Jumping ships

paul0510
15th June 2009, 15:38
is a new book out by a bloke named David Baboulene an ex-NavApp. Anybody read it yet? May get it this week anyway.

Duncan112
16th June 2009, 07:44
See http://www.shipsnostalgia.com/showthread.php?t=25784

A cracking read, as is his other book!!

Windy
25th June 2009, 13:26
Hey Paul,

In case you are concerned about parting with the money, I can absolutely and utterly assure you that David Baboulene's new book, Jumping Ships, is damn excellent. Hilarious. Worth every penny. Don't wait another moment.

And his first one was top notch too. You should buy both. They also make great presents.

Hope this helps.

Best regards.

David Baboulene

paul0510
25th June 2009, 22:12
Windy, you know what, I went and bought it as it was actually on sale here in Frankfurt in the English Dept. of a named bookstore. My mistake. Try explaining to fellow commuters on the 6:20 a.m. to Frankfurt, who see and greet you every morning, and have done so for the last 35 years or more but haven't the foggiest idea of one's previous life, just why you are sniggering in unabashed mood at some garishly-coloured paperback concerning the baudy-side of life at sea...and to top it all, in English! Don't do this to me Baboulene, I have a reputation to uphold!

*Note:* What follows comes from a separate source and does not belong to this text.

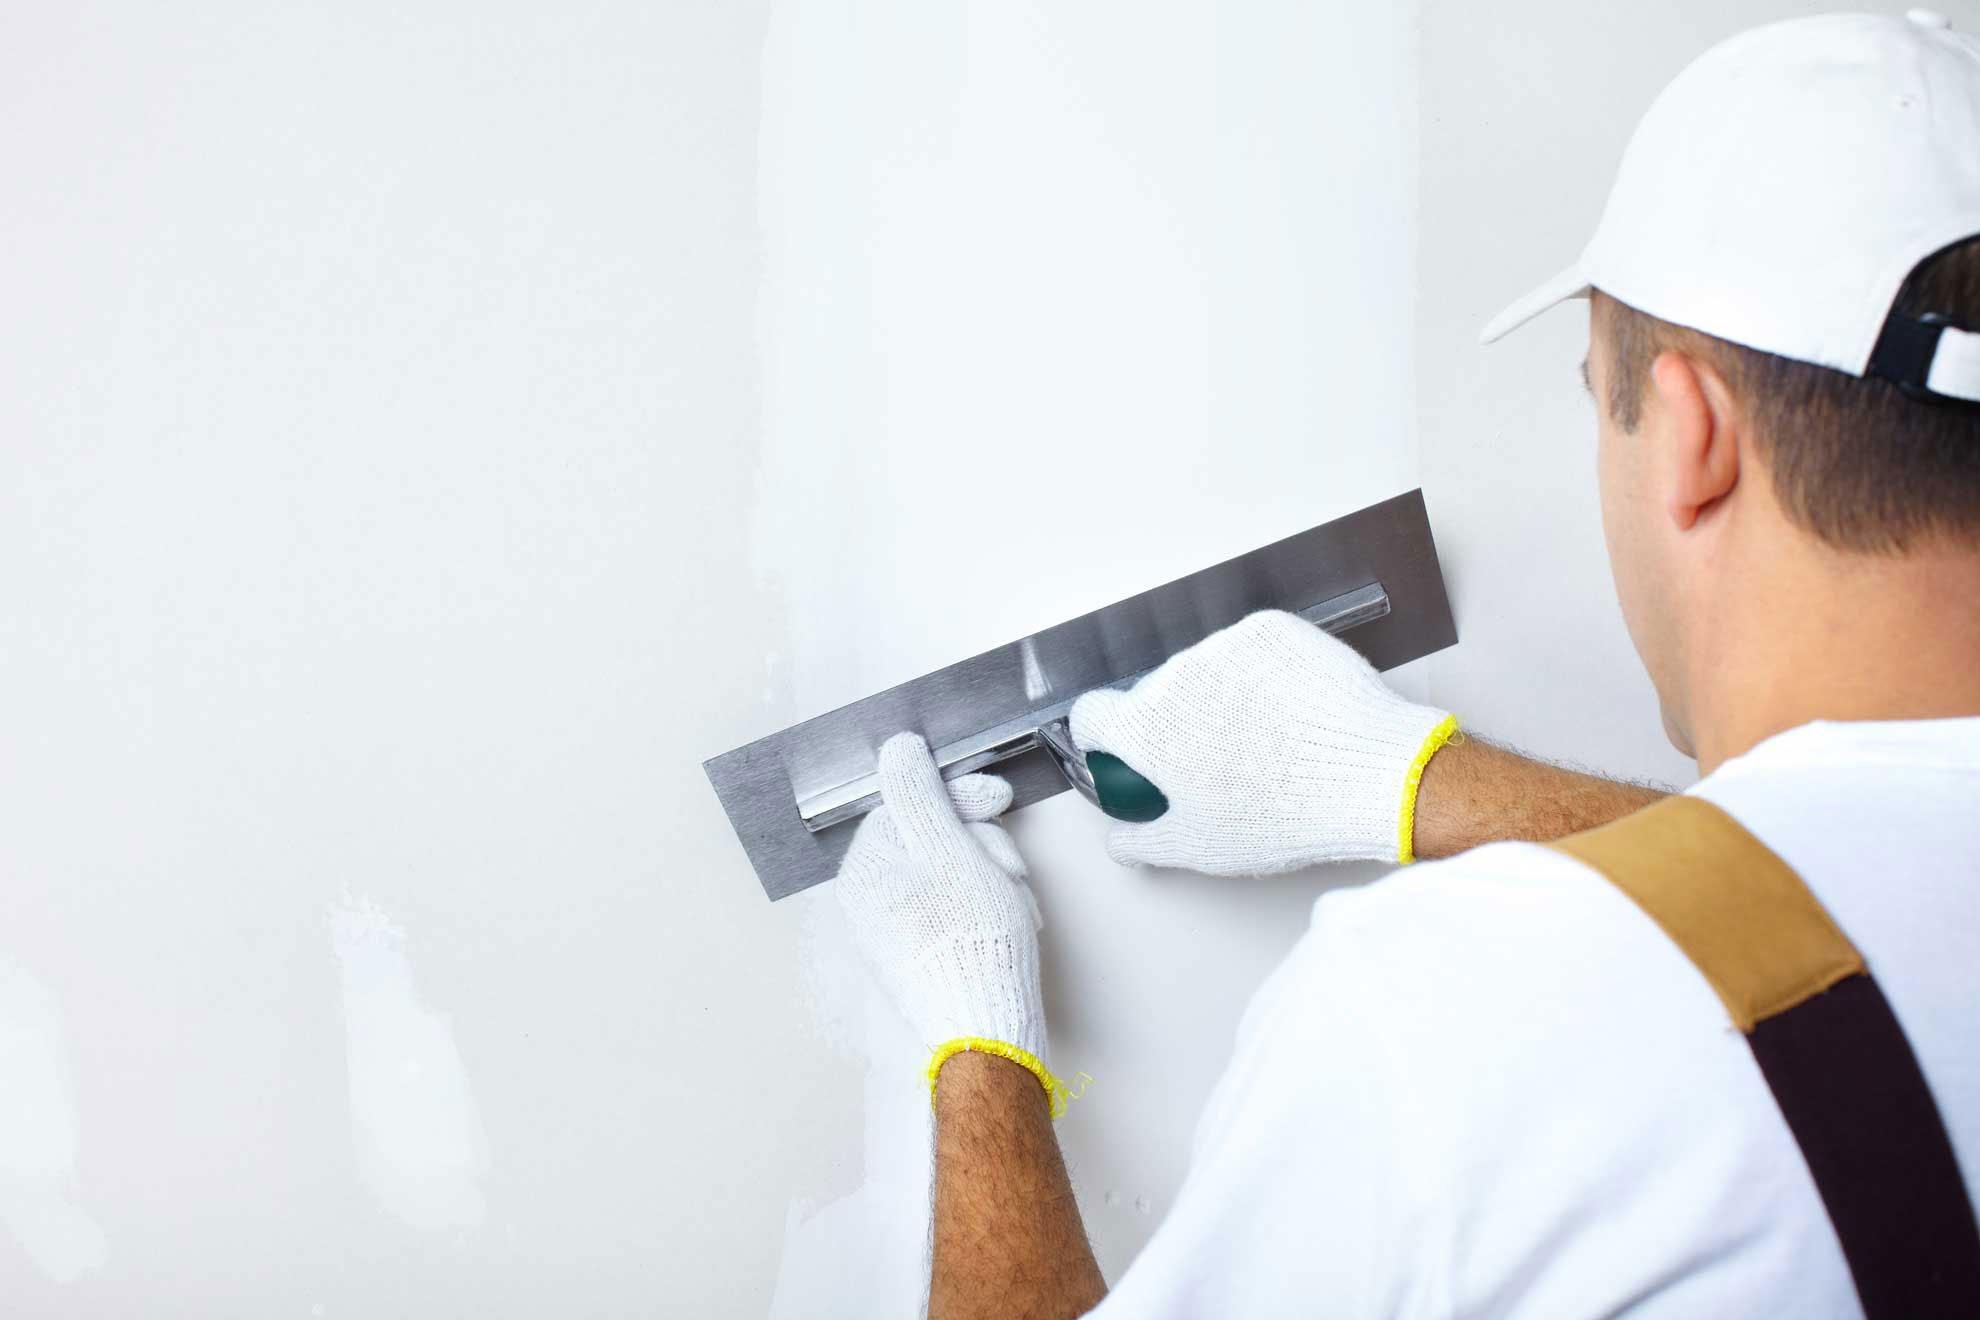 Несколько тонкостей процесса шпаклевания стен под обои

I also spent time on the W.African coast with a Gerry outfit around 78/79. I was professional 2M at the time and when at anchor in Lagos Roads I was 'armed' in the early hours with a Schermuly rocket pistol which was to deter the influx of 'whites of eyes' should they appear over the gunwale in order to crack a box or two on deck.....which they invariably did anyway. I think back sometimes and wonder if I'd ever've had the guts to fire that thing in spite, or nobble somebody with a pick-axe handle!
Can relate to the graceful excursion into the Congolese bushes albeit far further north and during a Kiel Canal transit. Pilot was also at fault....he was prattling on at me about his family life in the early hours such that I, as 1/O and helmsman, forgot to turn left at the next corner. Shiiiit happens.

Still only halfway through your escapades and enjoying every page! We didn't have half-so-much fun in port as Apprentices / Officers on tankers but sea life in general, whether Bank Line or BP Tankers, has certainly shaped our lives.

Gonna have to find myself a secluded seat in the morning for the 'tale of the Quikfit Chessmen'

(Thumb)

Windy
9th July 2009, 22:44
Thanks for the kind words, blokies. Much appreciated.

The big news for me is that I'm on Radio 4 on Saturday (12th July 09). Excess Baggage about 10.00am. The show is themed on travelling on cargo ships as passengers.

I wasn't nervous, even at the prospect of being interviewed by the wonderful Sandi Toksvig, or even when they told me there were 1.4m listeners, but when they told me they were sending a BBC car for me, I've been feeling all weird ever since...

Cheers!

Windy B

rabaul
11th July 2009, 18:40
I enjoyed your turn on radio 4 this morning your description of pirates in Nigeria mirrored my own - good luck with the book sales.

stay well

Bill

callpor
31st December 2010, 16:53
Hey Paul,

In case you are concerned about parting with the money, I can absolutely and utterly assure you that David Baboulene's new book, Jumping Ships, is damn excellent. Hilarious. Worth every penny. Don't wait another moment.

And his first one was top notch too. You should buy both. They also make great presents.

Hope this helps.

Best regards.

David Baboulene

Windy,

I bought both your books and have just finished reading them. They were a really great read and thoroughly enjoyed hearing all your escapades on what were obvioulsy Bankline vessels.

They brought back a lot of nostalgia from my own apprenticeship with a different company some 12 or so years earlier than you. One thing that mystifies me though is that you appeared to have so much money. In the Company I served my time with all the Apprentices were always broke. If I recall correctly when I started we got about 2.10s per week and finished my time on the princly sum of 25 per month. We could never afford a case of beer (were only allowed 2 cans per day anyway) and were always looking for ways to supplement our income. On the NZ and Auzzie coast we got shore based wages whilst prepaing holds for reefer cargoes and occasionally when off duty signed-on with the warfie union to work evening shifts with a gang, sometimes even on our own vessel.

I'm looking forward to your third book in this series. When can this be expected to appear?